» **Aim of the task**
Look through the data below for the line with "Image for JR) Jeep Rental - Red" and the line with "54 Ideas Crochet", then transcribe exactly from the first through the second, leaving out all pictures.

» **Extracted entries**

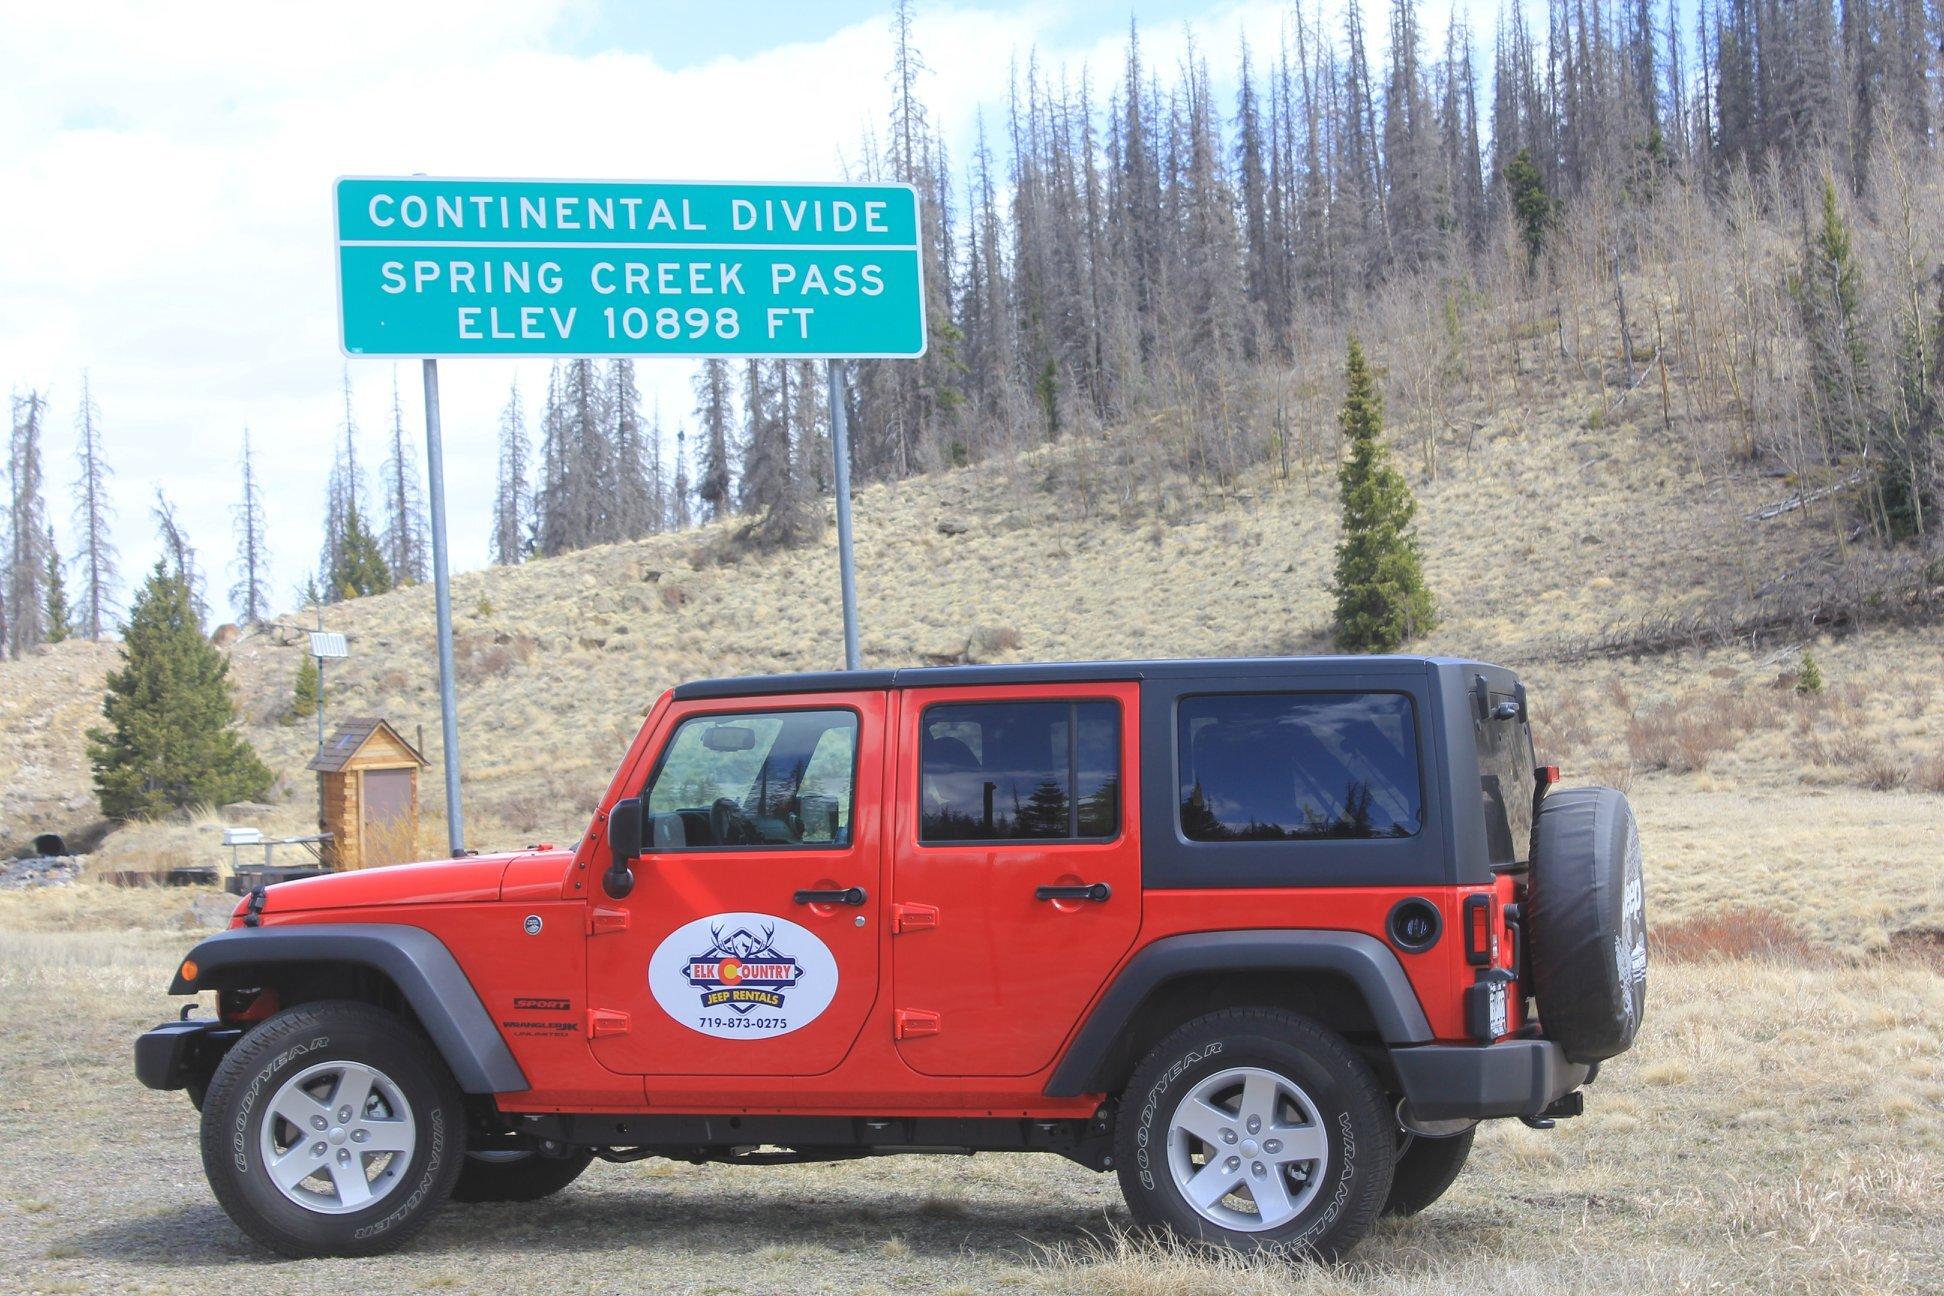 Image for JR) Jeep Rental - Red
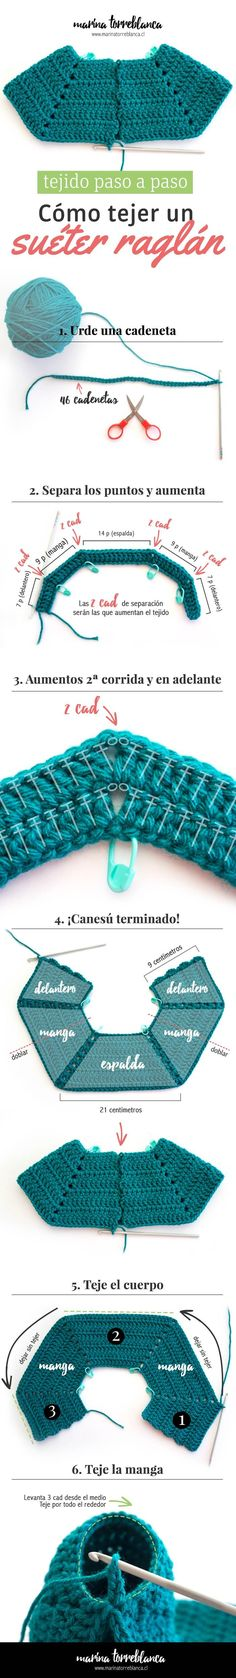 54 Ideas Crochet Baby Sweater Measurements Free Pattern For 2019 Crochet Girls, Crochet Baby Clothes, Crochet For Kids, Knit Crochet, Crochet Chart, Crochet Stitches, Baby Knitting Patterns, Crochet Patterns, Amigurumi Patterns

...

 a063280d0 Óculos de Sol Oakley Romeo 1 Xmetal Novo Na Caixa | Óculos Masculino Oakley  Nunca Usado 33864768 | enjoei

» **Response box**
 Image for JR) Jeep Rental - Red
 54 Ideas Crochet Baby Sweater Measurements Free Pattern For 2019 Crochet Girls, Crochet Baby Clothes, Crochet For Kids, Knit Crochet, Crochet Chart, Crochet Stitches, Baby Knitting Patterns, Crochet Patterns, Amigurumi Patterns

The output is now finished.